The ECU resides inside the cab, so that 85C rating will be good. 63V caps will do just fine.
Even 25V rating will work, now if your are using 16V rating capacitors, then the failure rate increases as 14.2V charging system will sometimes spike over 18V(regulator switching transients,relay kick back, motor EMF) and any capacitor rated at 16V will be damaged over time.
I have seen this in the past 22 years of electronics repair, use components that are rated just above levels of the circuit. Years later after the warranty is up, that "weak link" component will fail.
Its called:" planed obsolescense "
I purchased a batch of replacement capacitors several months back but have yet to do any repairs yet. I definitely spec'd the 105C parts and upped the 16V parts to 25V, leaving the other one at 63V.
I had planned to package up my spares and sell them but want to actually do a couple repairs first.
I'm getting ready to do my cap replacement (mostly mentally), I took the ECM out and opened it to find what looks like a very new ECM. Apart from that, I don't seem to be able to find the 3rd capacitor (maybe mine just doesn't have that one????), check out these pics:
I've read that too, but wanted to confirm mine was one of those, I guess that's better for me. I'm about to begin working on it, just researching some more and building some confidence.
Well alright had the chance to pull the ECM and do the preventive maintenance.
Mine is not like most I guess because I have only two capacitors. One 47uf 10v and one 3.3uf 63v.
I don't have the 3.3uf 63v capacitor as I ordered what most were using in theirs.
But I did replace the 47uf 10v as I had replacement ones.
I looked and my 47uf cap had yellowish coloring on the negative leg. So that one is replaced.
I gave digikey a call tonight and ordered the 3.3uf caps they should be here on Friday, $27 shipping 🤔 for a .63 order.😖 But I need to have it done by Monday so I have to pay out the a$$ for shipping.
But back to the ECM, I added some pictures so others will know what to look for. Lower right cap was removed. Going to clean the board with contact cleaner.
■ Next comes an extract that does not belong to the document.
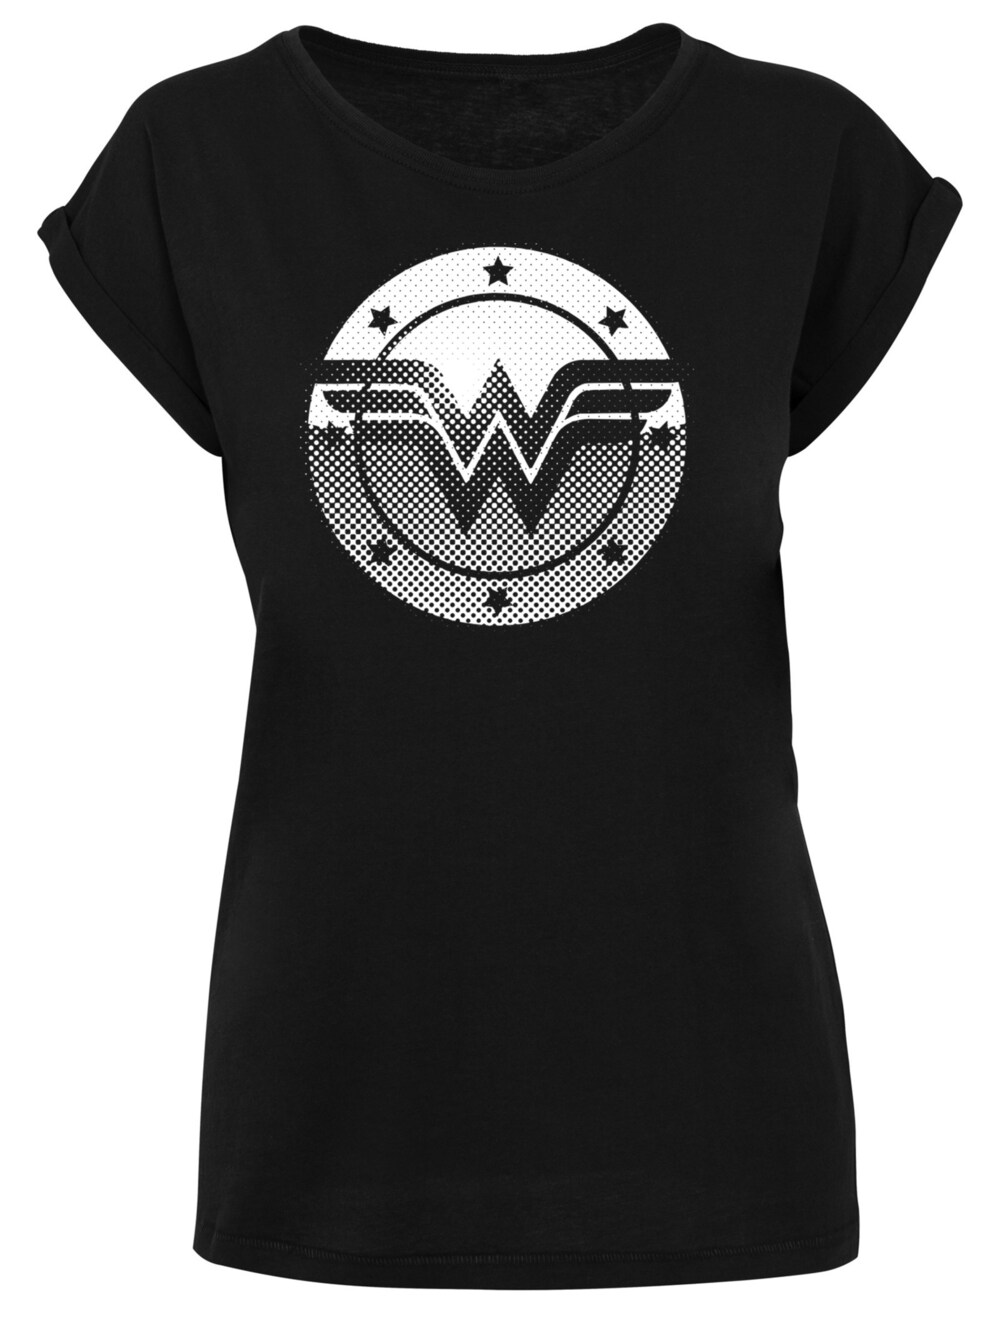 Рубашка F4Nt4Stic DC Comics Wonder Woman Spot Logo, черный носки dc comics wonder woman – logo серые

It has a lot of dust in it. Old vs new. My phone couldn't focus, but the negative leg has discoloration. Installed. Just in case it matters the ECM #.
....I don't have the 3.3uf 63v capacitor as I ordered what most were using in theirs....
The voltage rating of capacitors isn't that important. You wouldn't want t go lower than the original rating, but the only problem with going higher is if the replacement piece just doesn't physically fit. A lot of people go with higher voltage caps to gain some safety margin.
However it is critical to get capacitors with the right capacitance (the "uf" rating).
It's analogous to resistors, where you need the correct resistance (ohms) and enough current rating (amps), but getting a resistor rated for more amps isn't a problem.
It seems these two Caps are in the +5v Ref circuit, and supply the REf v for the TPS, EVP & MAP devices on ECA Pin 26.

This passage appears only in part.